Starting at the line that contains "Ivory Linen Top (Item #44093871)", transcribe each line through the end of the material below, exactly and nothing else, leaving out the pictures.

= DATASET SECTION =
'''
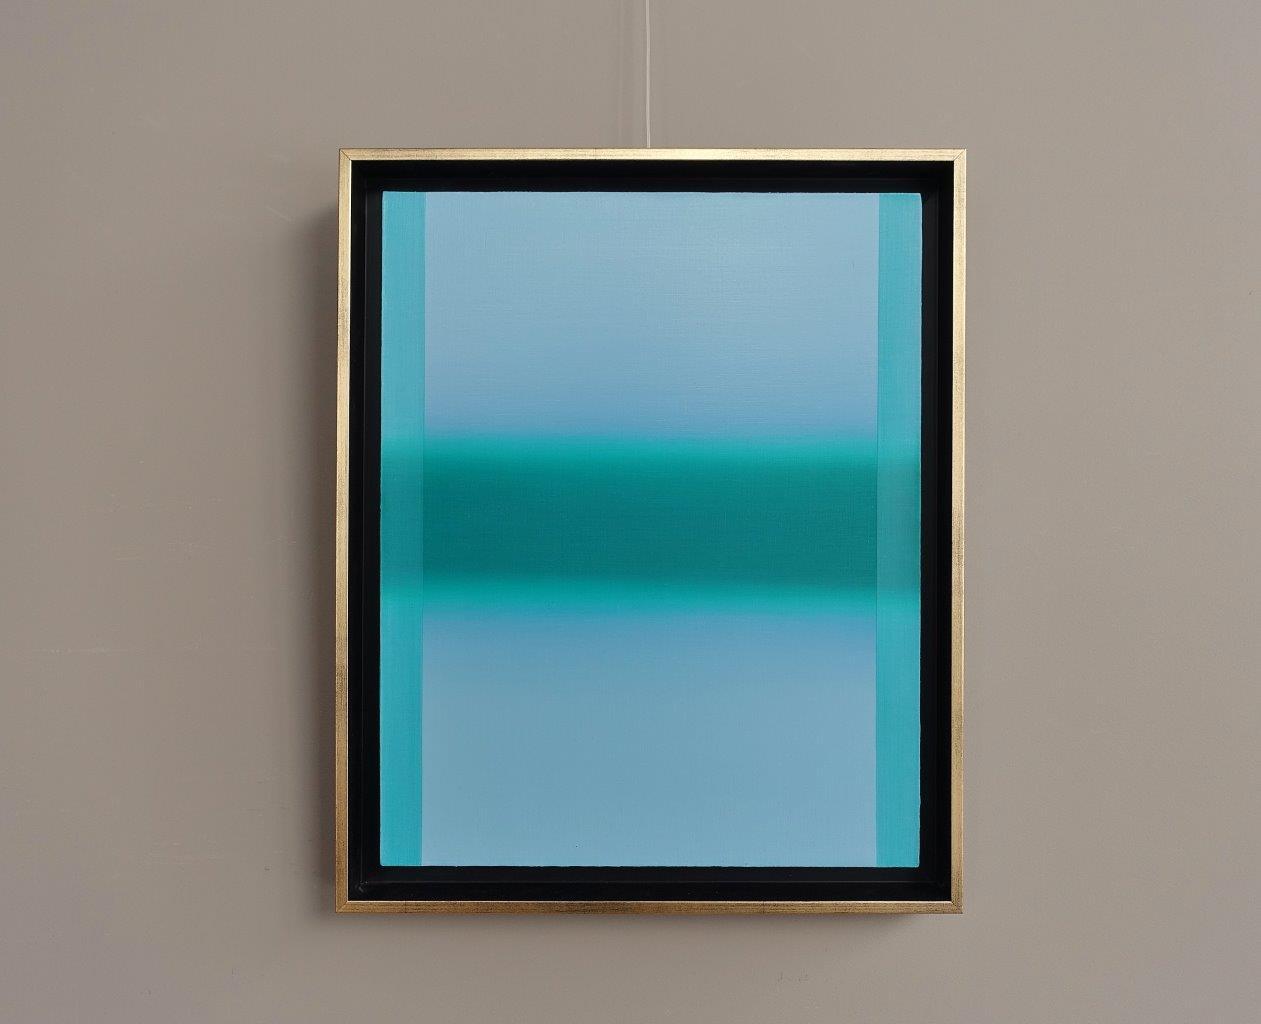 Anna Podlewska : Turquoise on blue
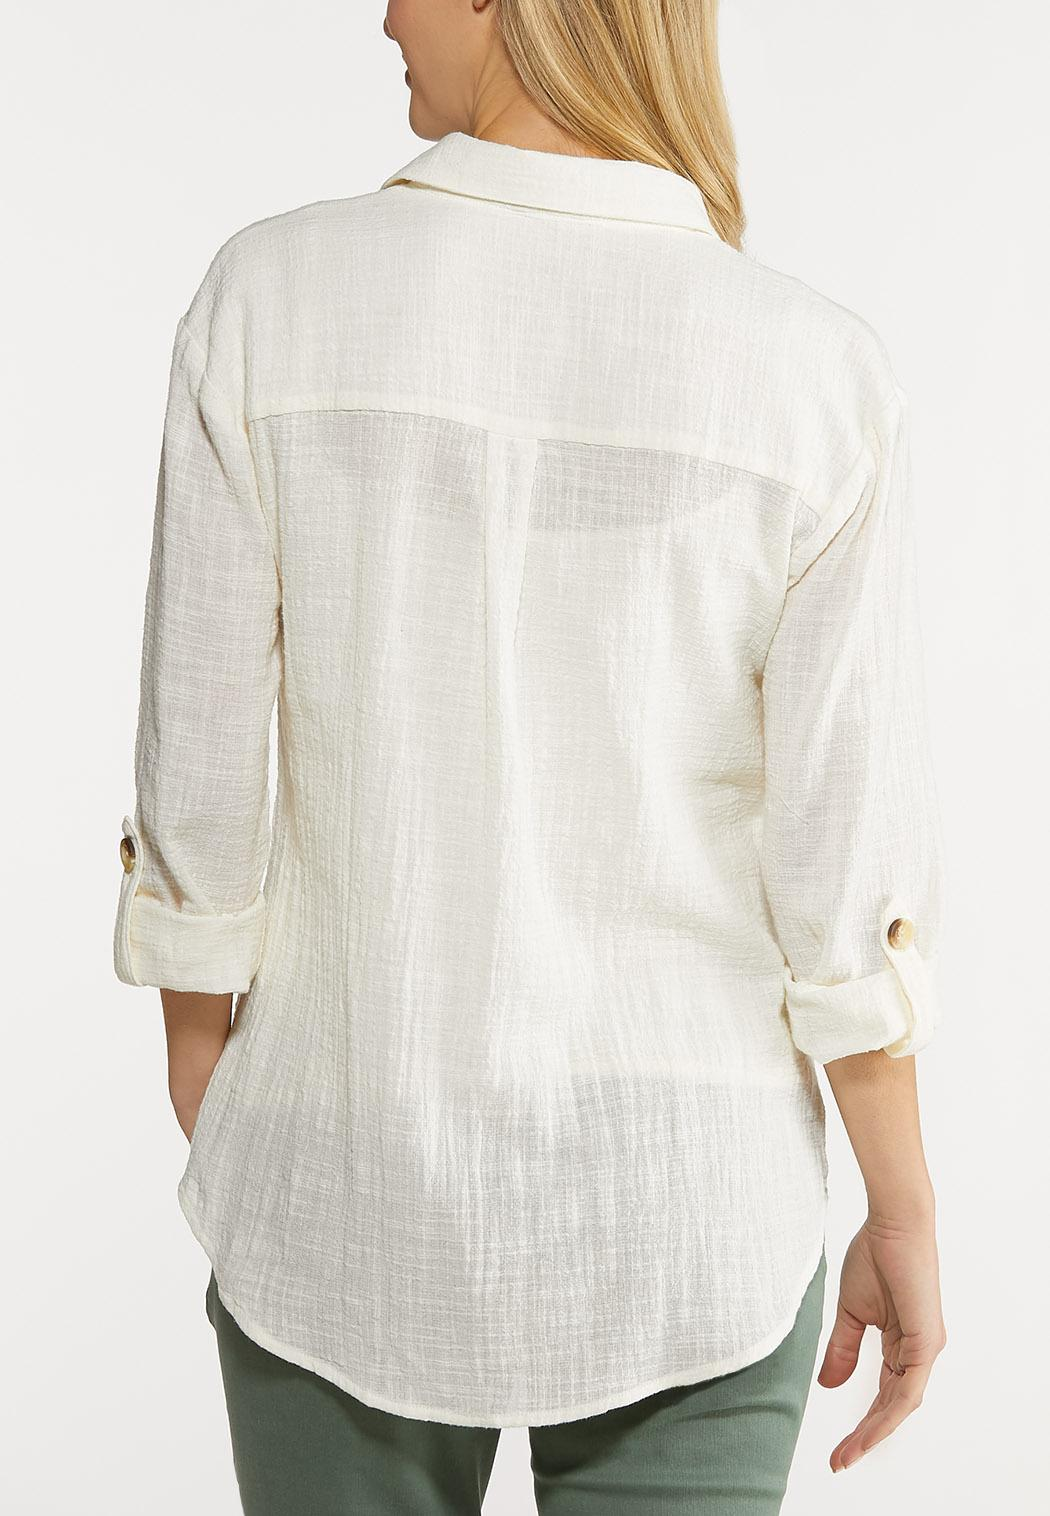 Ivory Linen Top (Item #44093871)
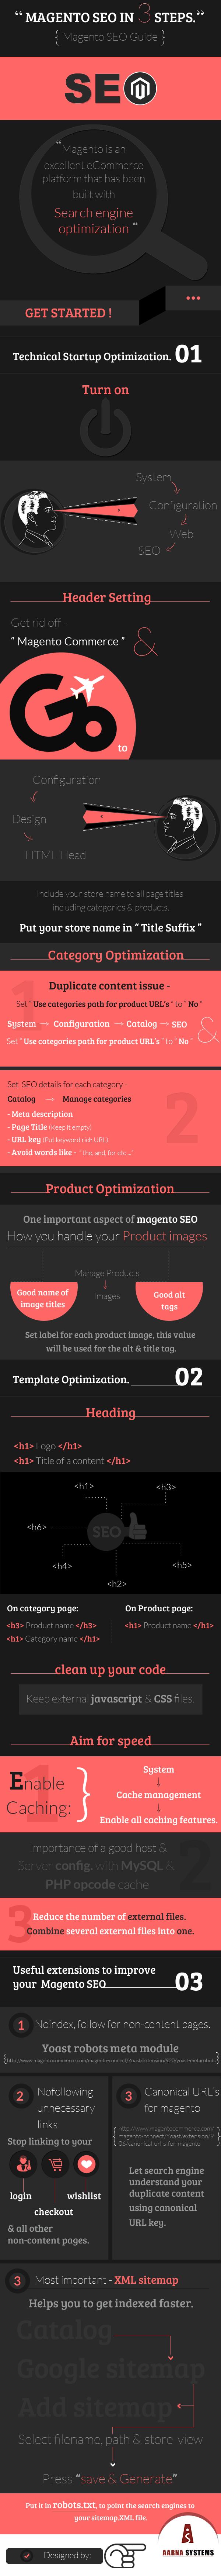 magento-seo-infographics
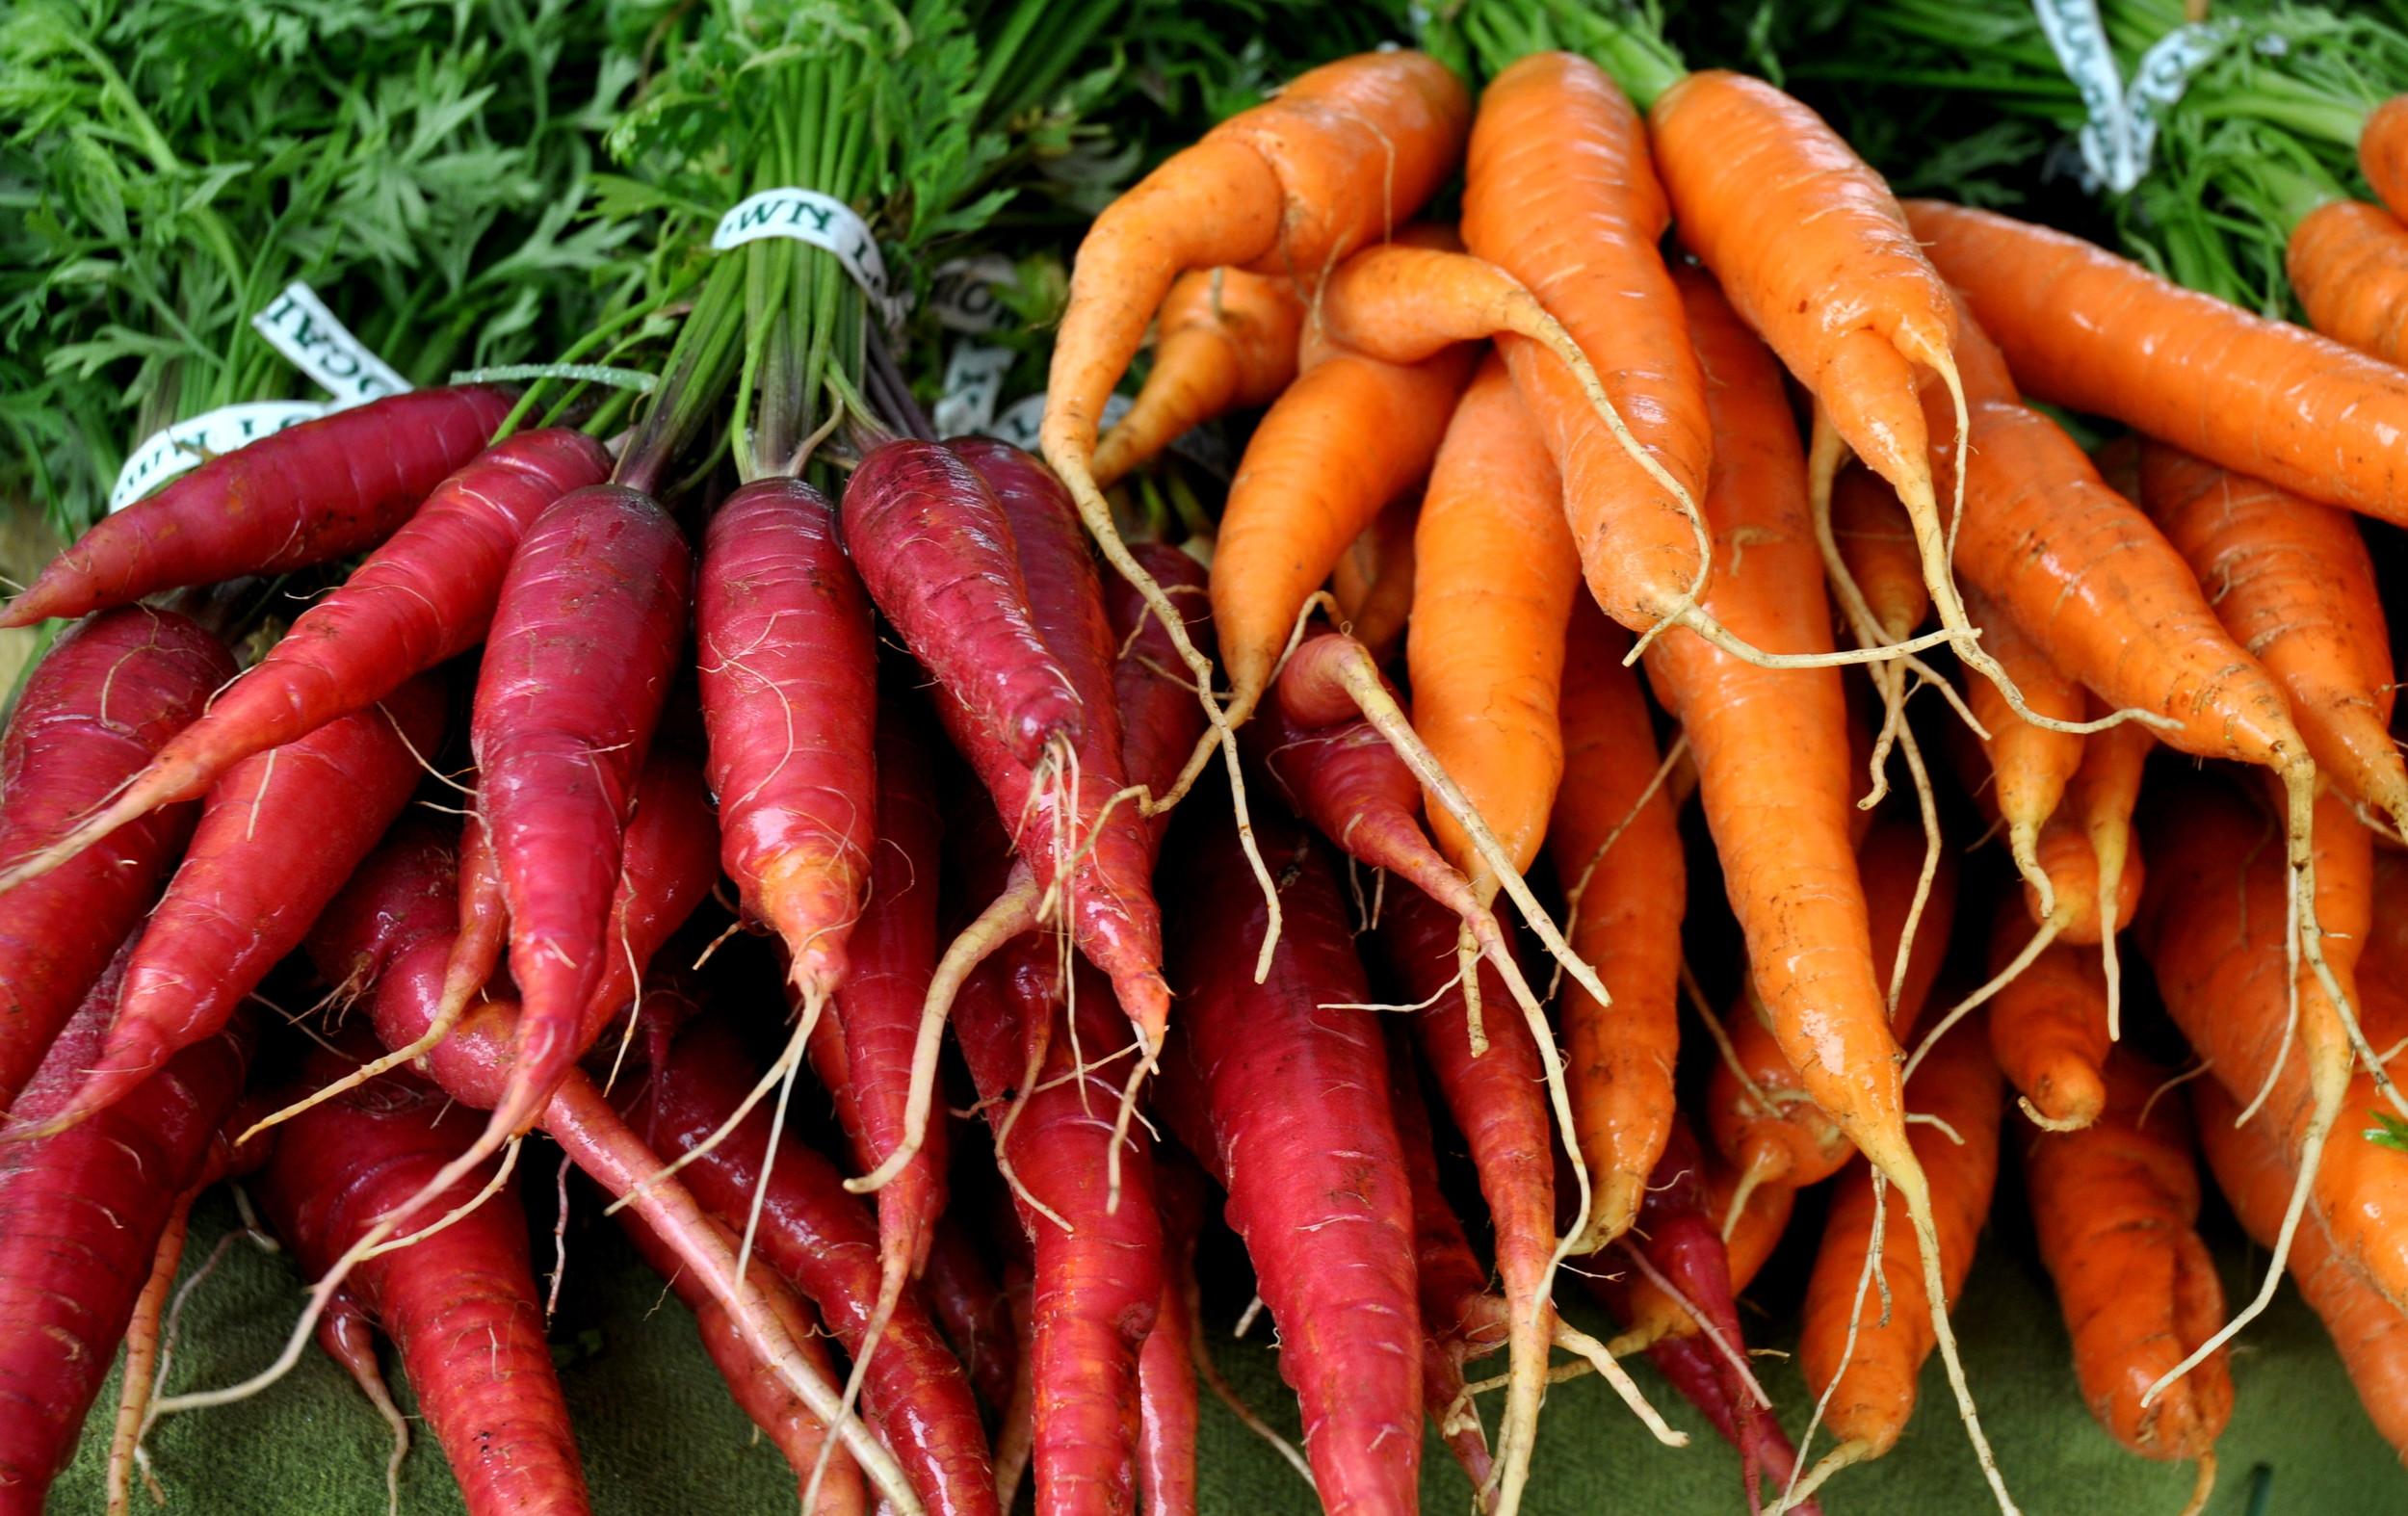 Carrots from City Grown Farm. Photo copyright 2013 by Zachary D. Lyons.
'''
= TASK RESULT =
 Ivory Linen Top (Item #44093871)
 magento-seo-infographics
 Carrots from City Grown Farm. Photo copyright 2013 by Zachary D. Lyons.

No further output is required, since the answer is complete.